TASK DETAILS:
All of the listing should be returned as written, apart from any picture in it.

GIVEN INFORMATION:
━━━━━━━━━━
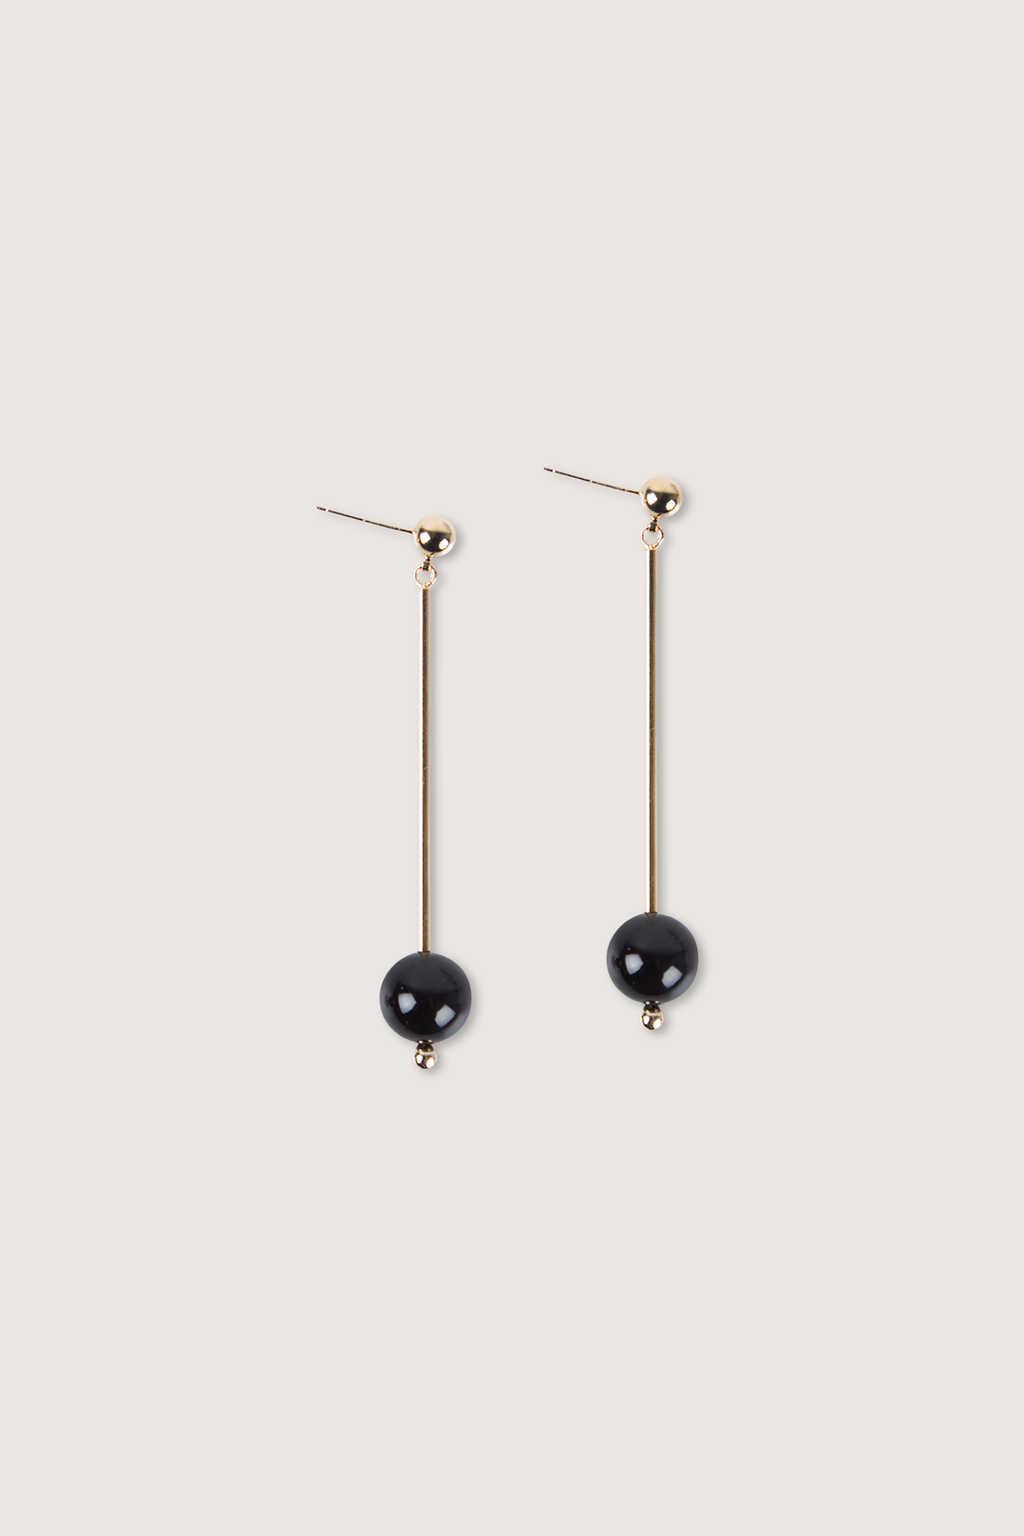 Earring H258 Gold 1
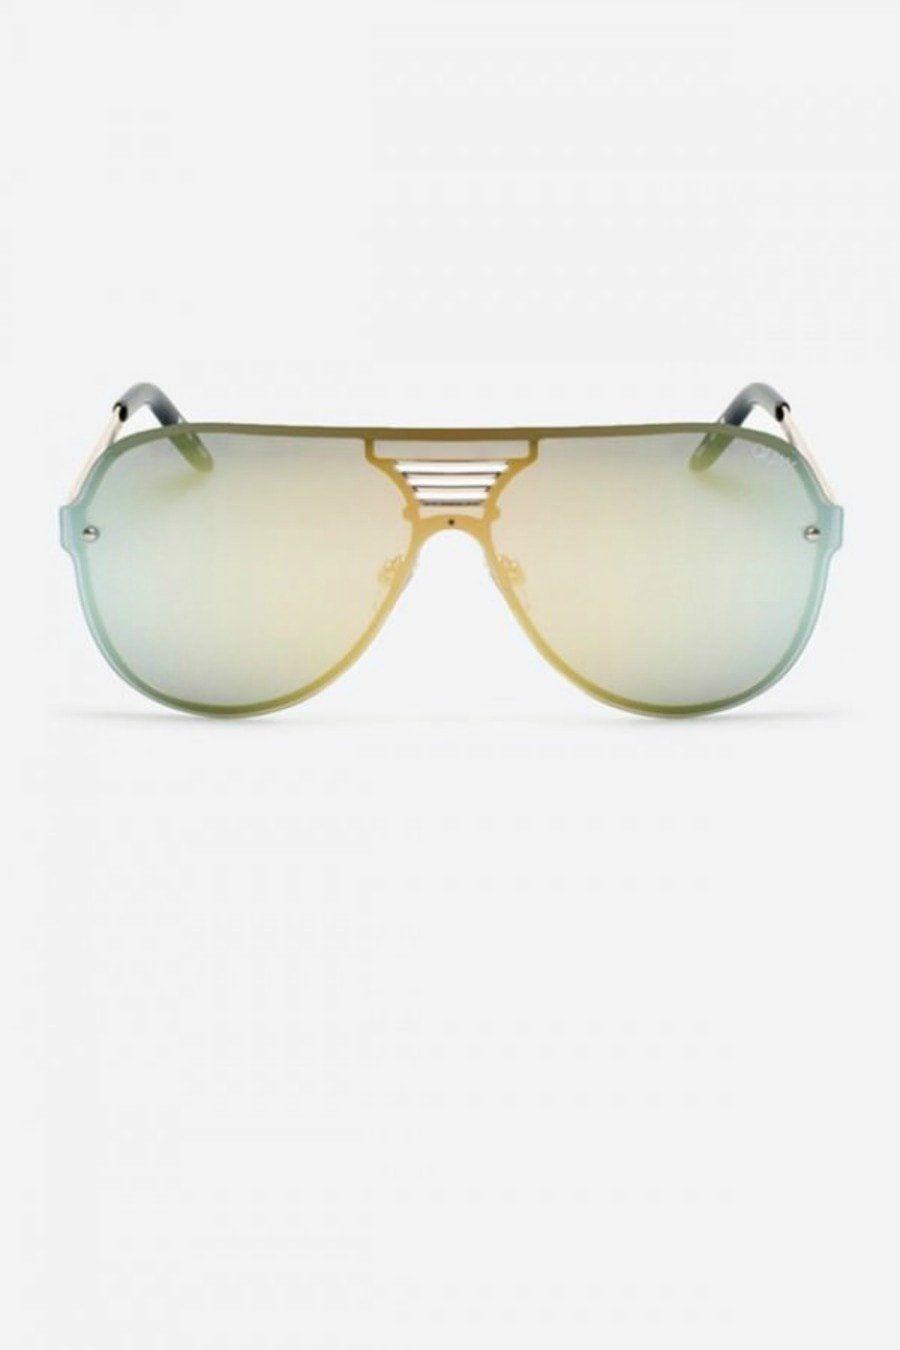 Quay australia showtime gold mirror designer sunglasses
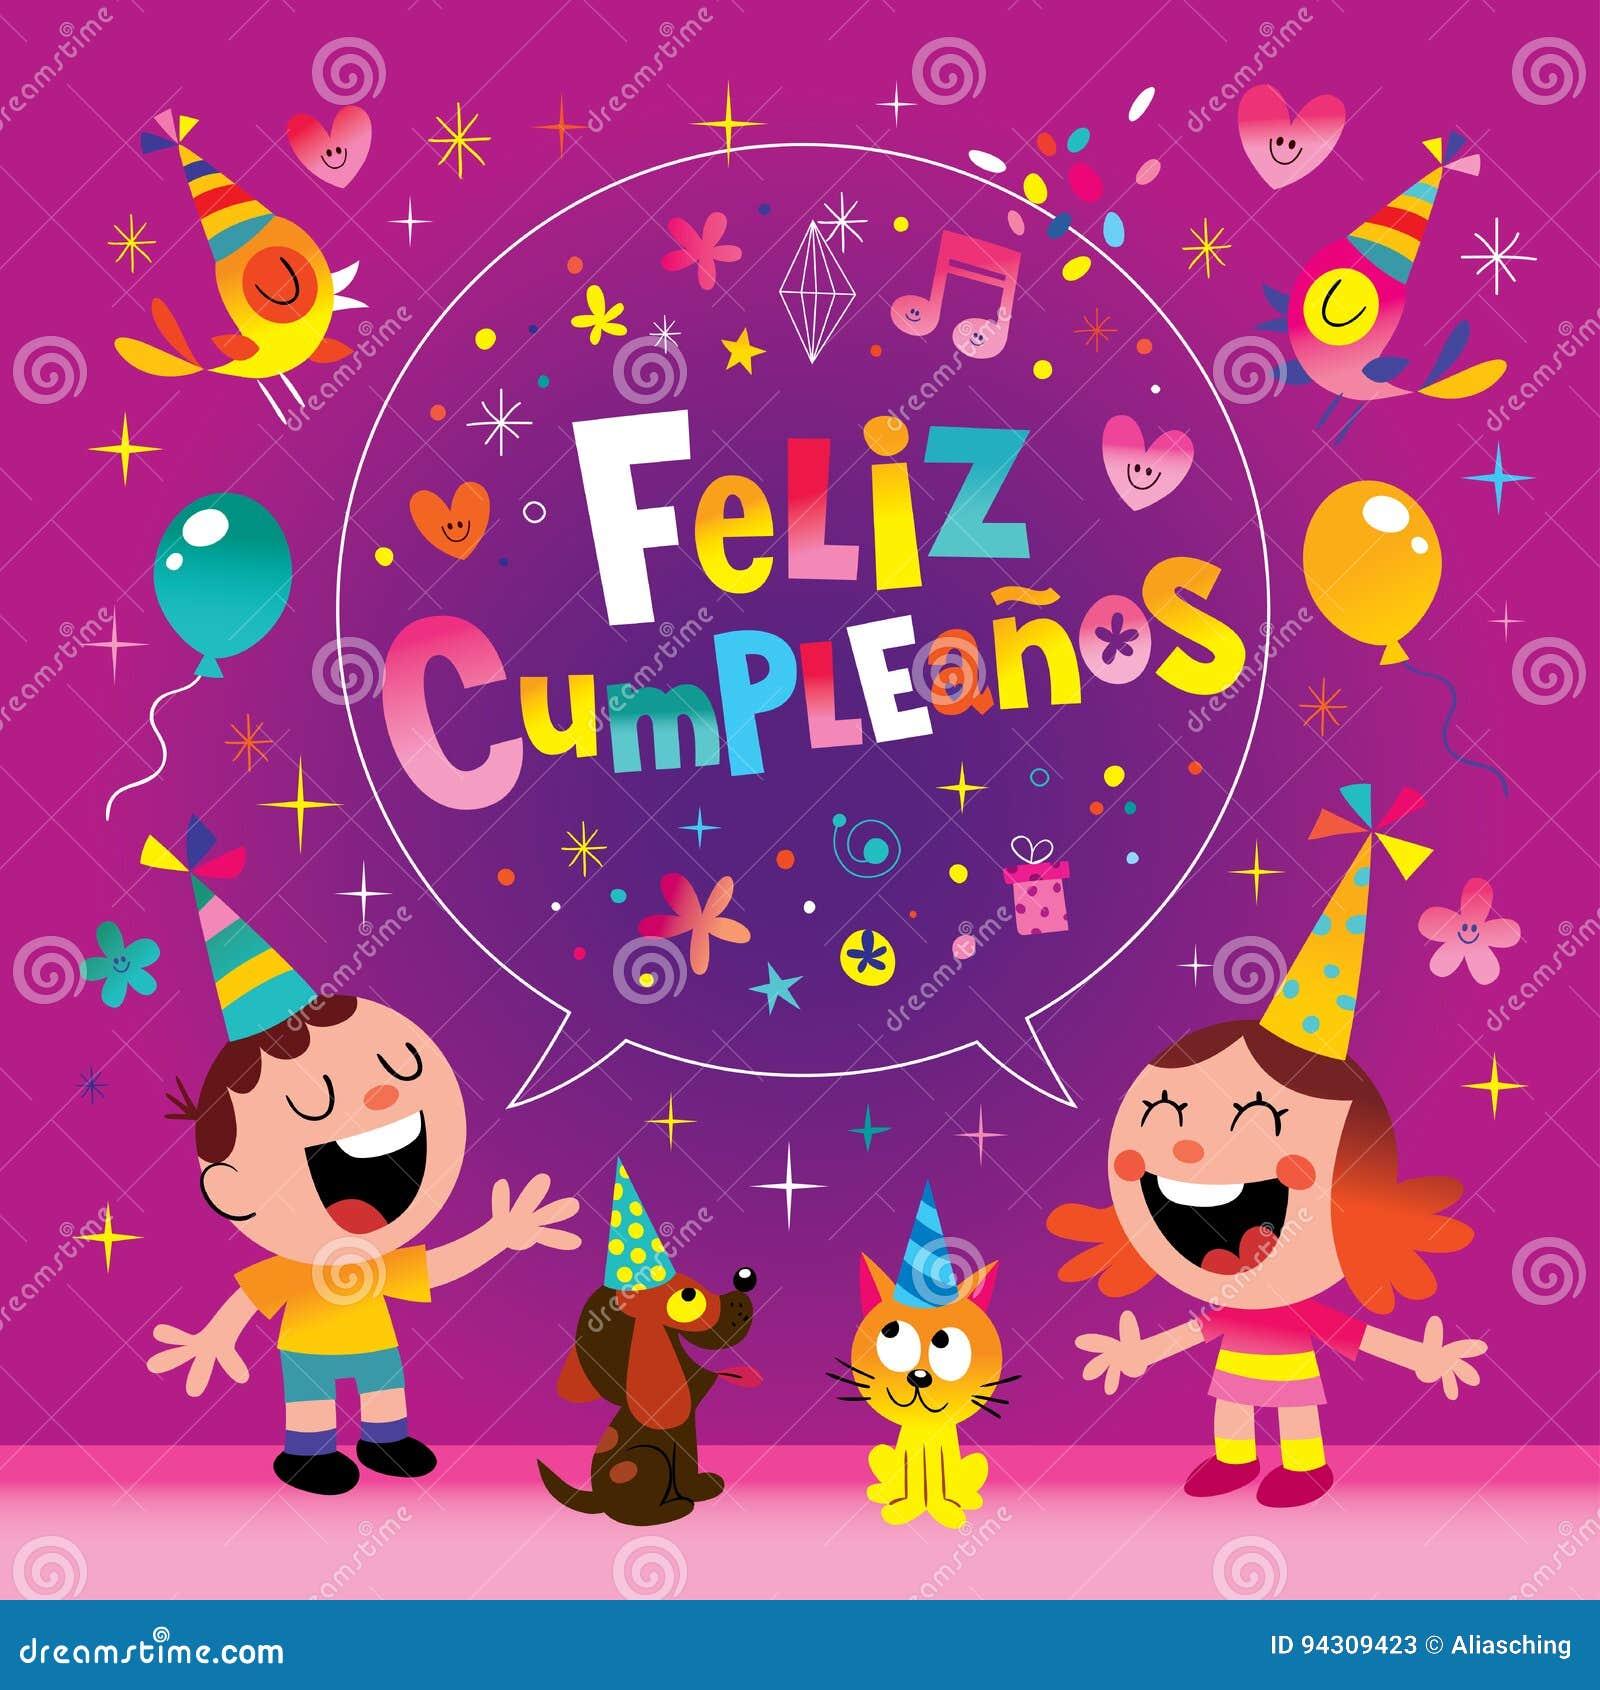 Feliz Cumpleanos Happy Birthday In Spanish Kids Stock Vector
━━━━━━━━━━
OUTPUT:
 Earring H258 Gold 1
 Quay australia showtime gold mirror designer sunglasses
 Feliz Cumpleanos Happy Birthday In Spanish Kids Stock Vector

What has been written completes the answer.